# Smoked Pancetta?



## sea_munky (Aug 28, 2008)

Hi folks.  So for my first pork belly venture, I thought I'd try my hand at making pancetta cuz it's pretty simple.  Never really had it before but it was easy enough - cure, roll, wrap, hang, yum - so i gave it a shot.

Well, after a week of curing, I trimmed it until square, rolled, and tied it up and now it's hanging.  I boiled up some pasta and cooked up the pancetta trimmings real crispy and learned something very important:  I don't really like pancetta.  
	

	
	
		
		



		
			






I know many people do but it's just not my thing.  It was crispy like bacon, porky like bacon, salty like bacon, but there was something missing - Ahhhhh, smoke!

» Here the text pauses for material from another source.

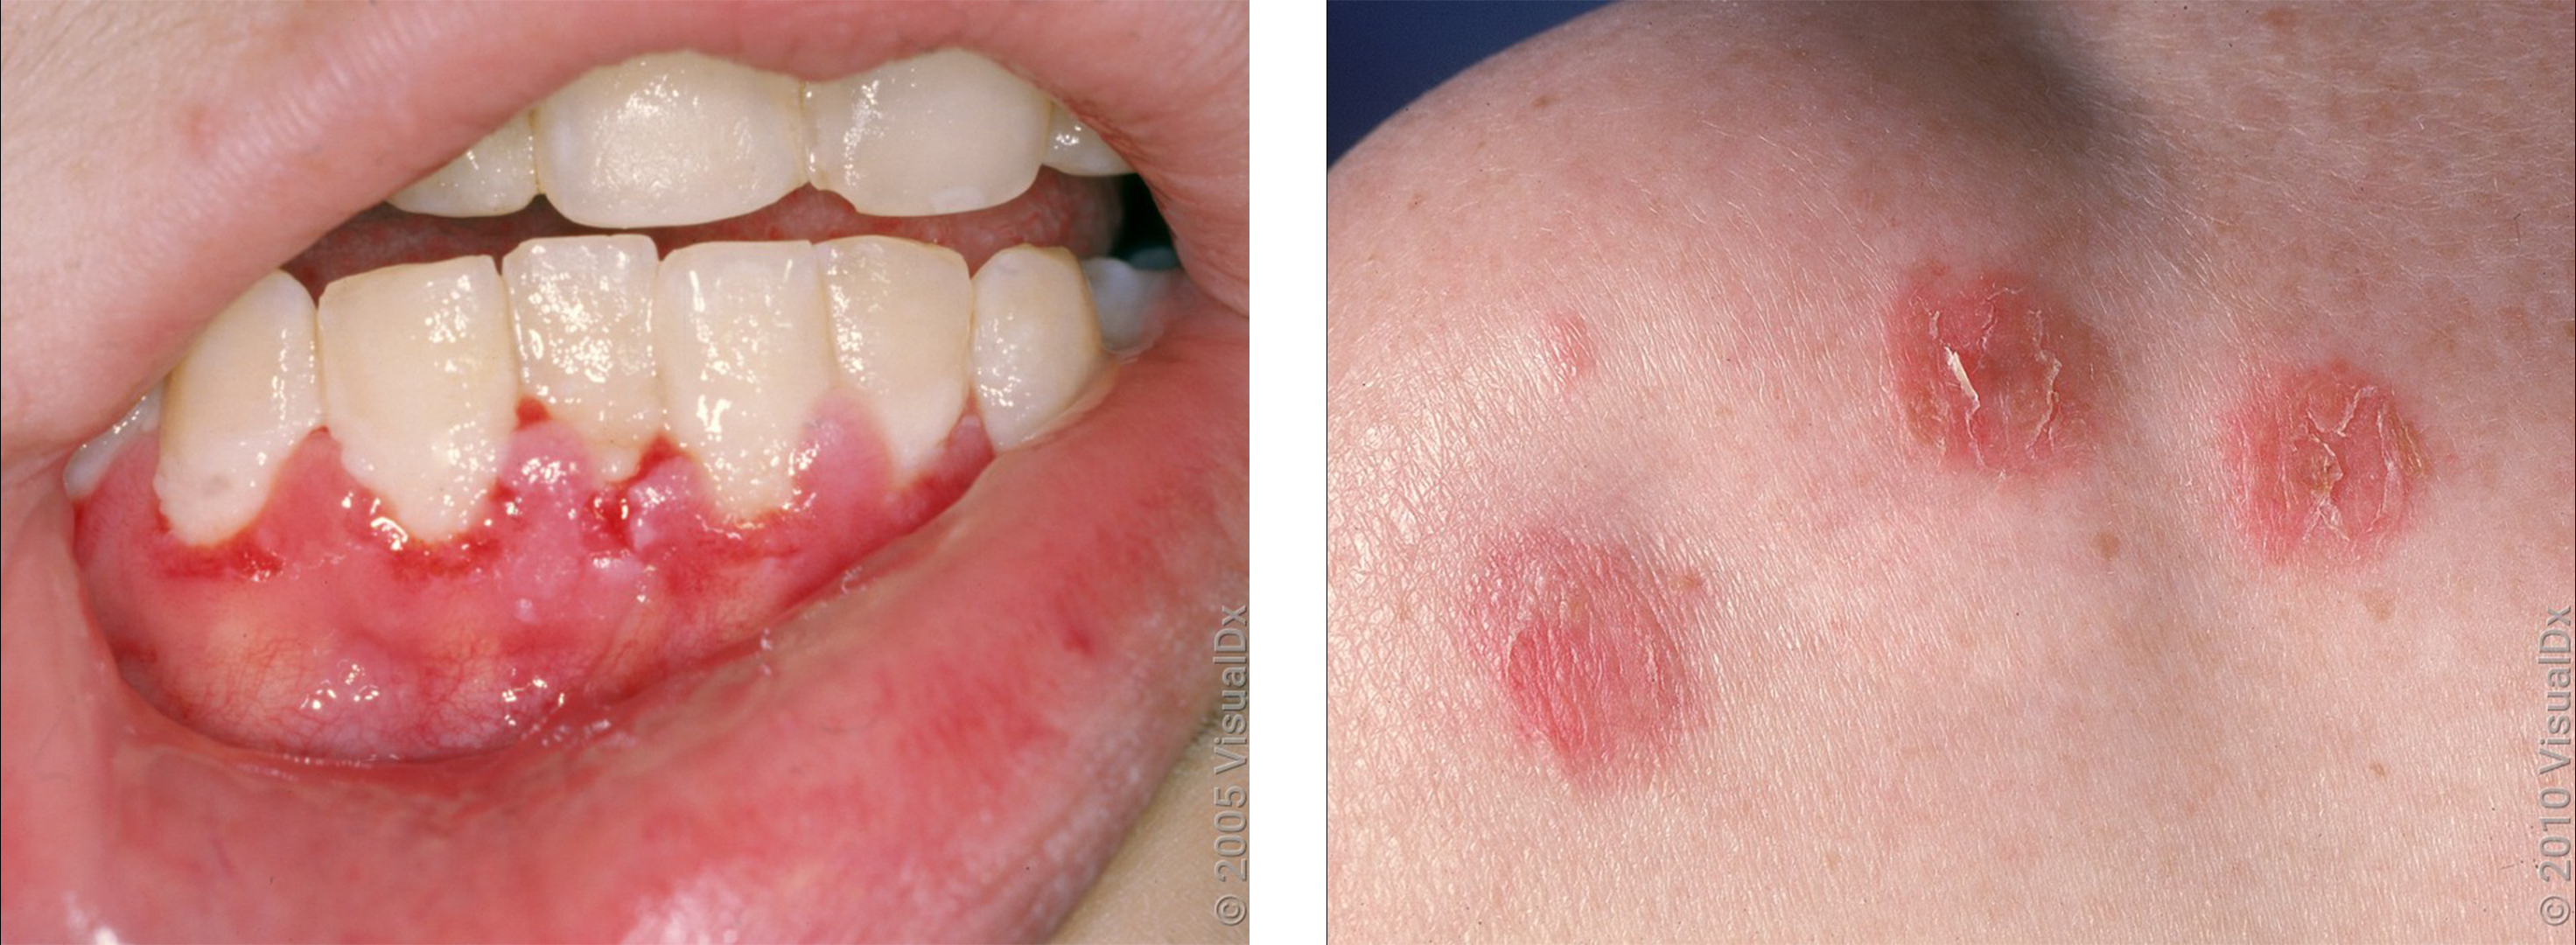 Left: Open sores in the mouth around the gumline in pemphigus. Right: Pink crusty patches  on the shoulder in pemphigus.

So I think I'll try to smoke it.  Has anyone ever done this?  Do I take it to 150 like slab bacon?  My concern is that since it's rolled, the outside might get really dry before I reach the internal temp.  Plus, the skin was removed before curing.

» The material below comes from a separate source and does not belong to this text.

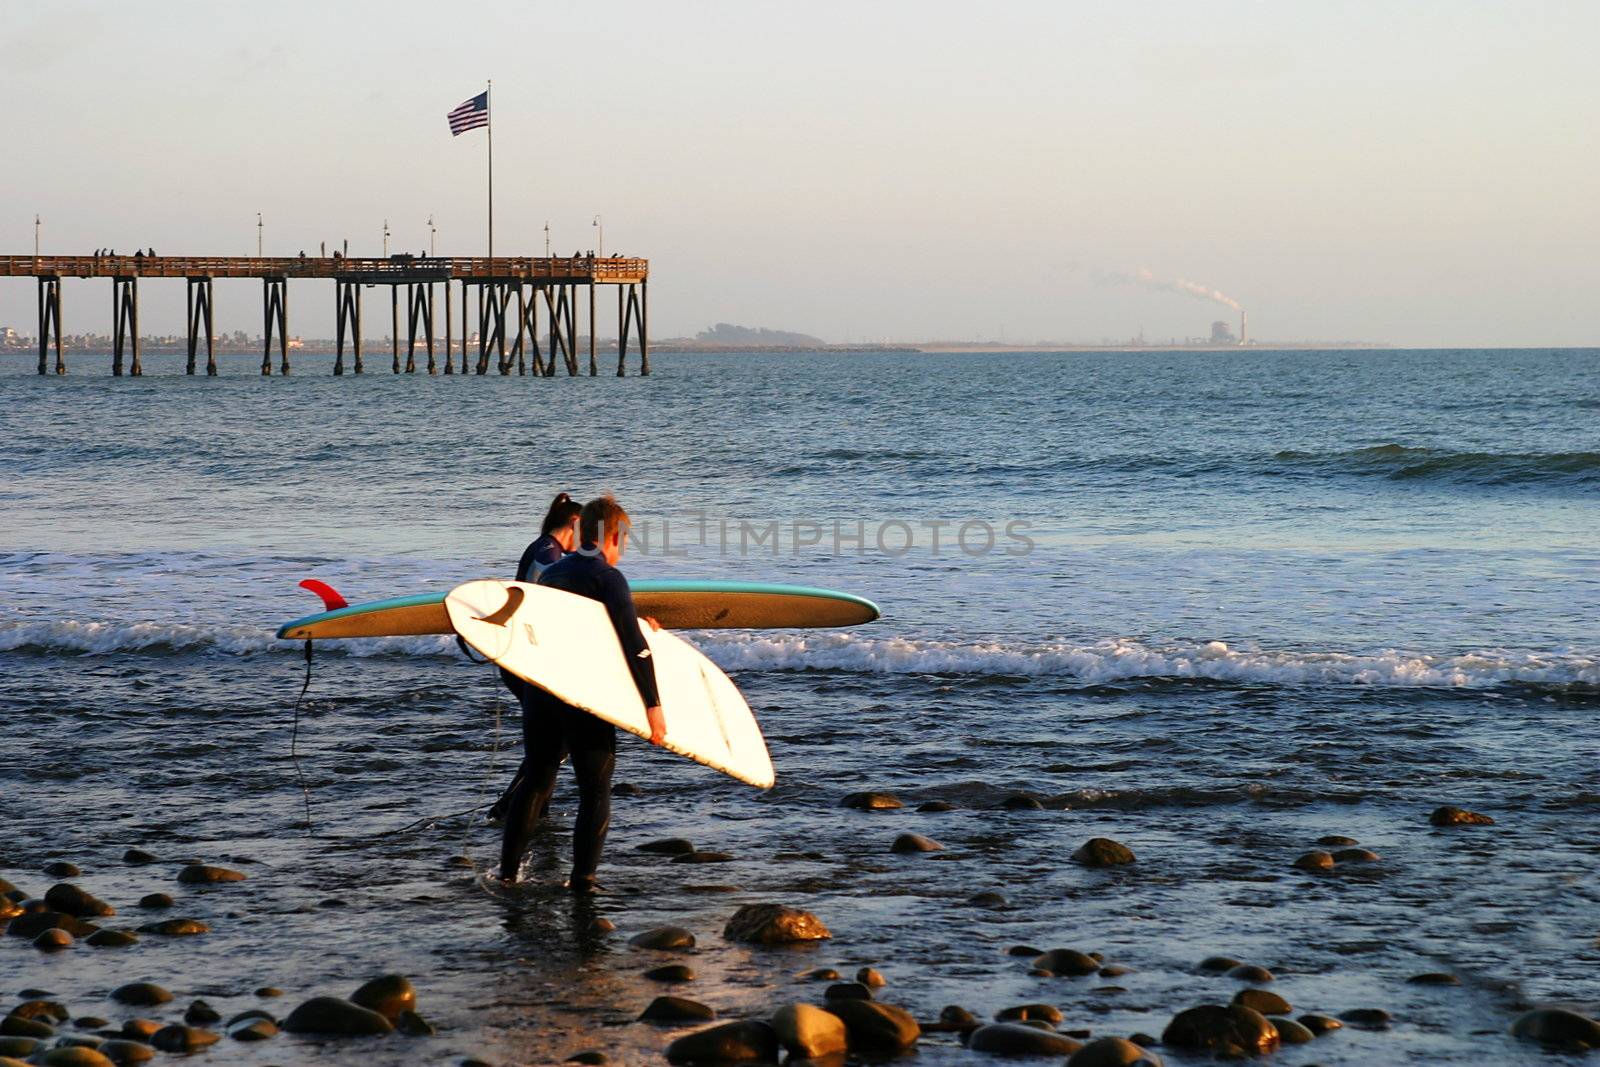 Surfer at sunset at the beach near the pier in Ventura California.

Yes, I can unroll it but I thought it would be cool to have round slices of smoked bacon to put on burgers, english muffins, and such.

Any tips?  Smoke then wrap in foil?  Thanks.


----------



## ronp (Aug 28, 2008)

I want to make some, any ideas from you would be great.


----------



## sea_munky (Aug 28, 2008)

ron - regular pancetta or smoked?  I'm gonna try to smoke mine this saturday so I'll let you know how it goes.  We'll see if anyone chimes in with tips and pointers.

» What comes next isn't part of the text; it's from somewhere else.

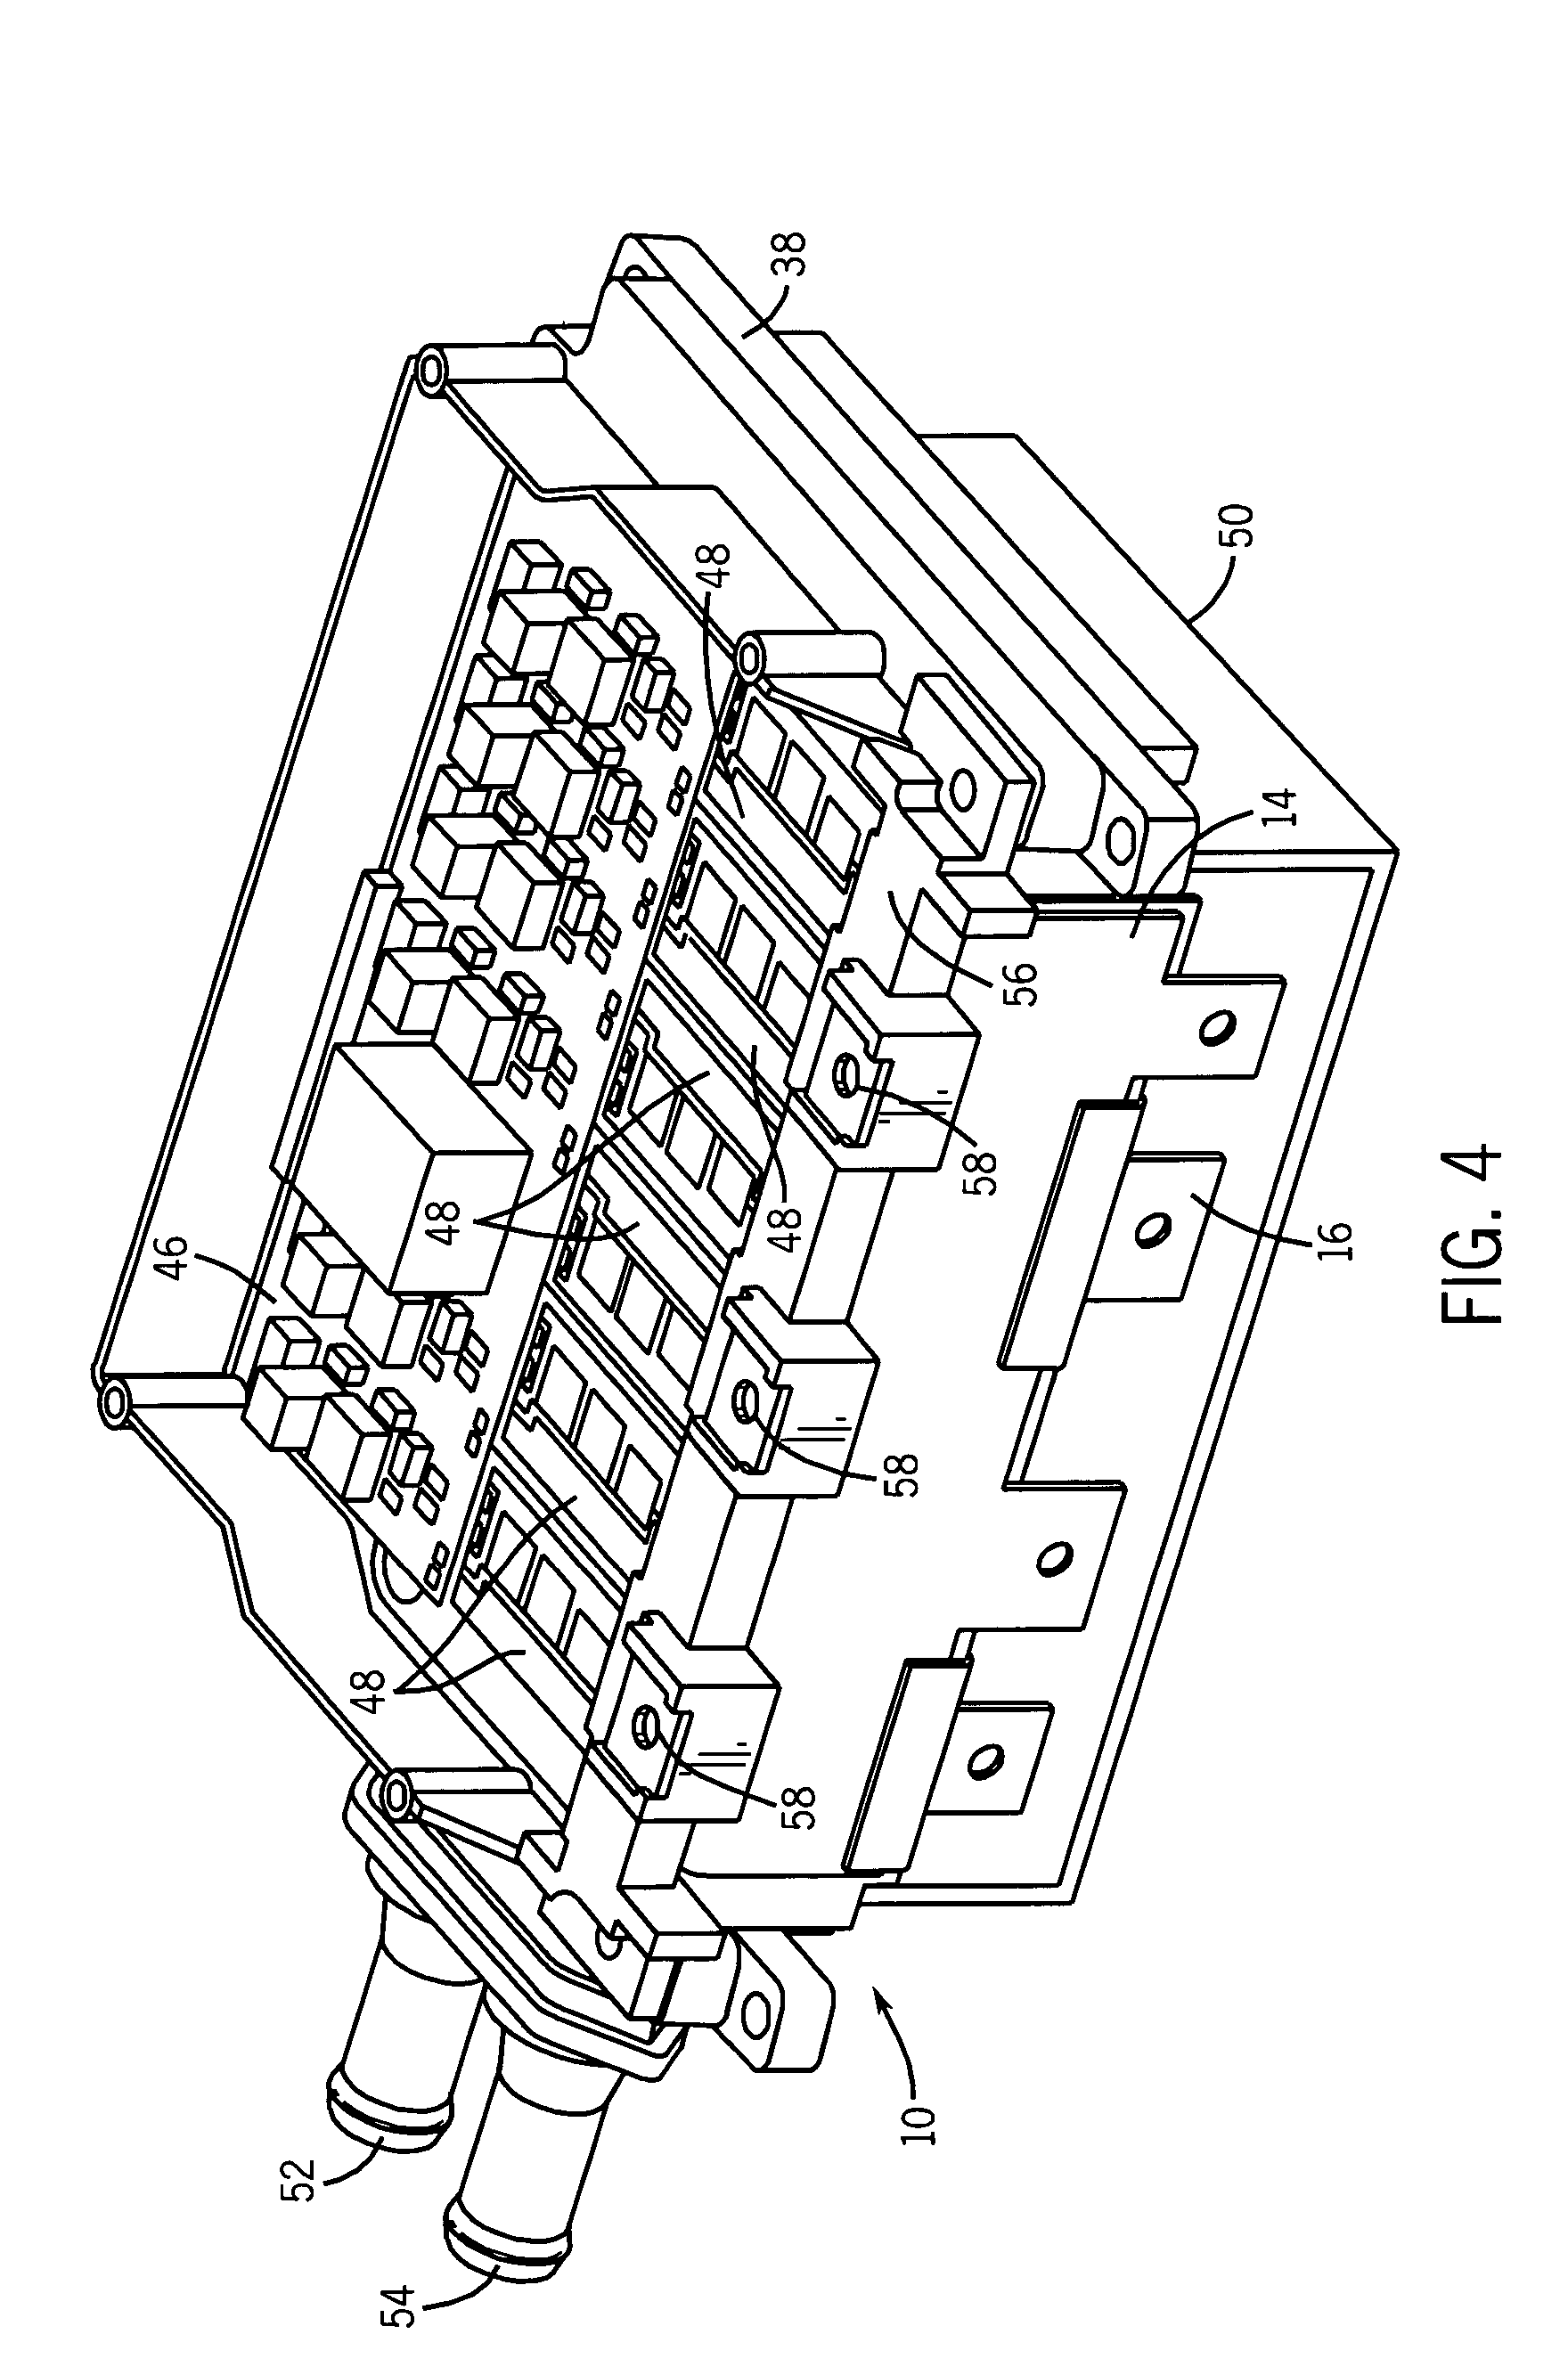 Bus structure for power switching circuits

As far as the curing, I used this site as a guideline

www.chow.com/stories/10131

They include a recipe, video tutorial, and other tips.  One tip that might be helpful is that following the recipe results in a very salty product.


----------



## bbqgoddess (Aug 28, 2008)

ohhhhh my favorite... Sea_munky, I curtsey to you,  this is the one thing I would really like to make, I am to chicken to try curing...


----------



## ronp (Aug 28, 2008)

That is a long process. Thanks for the link.


----------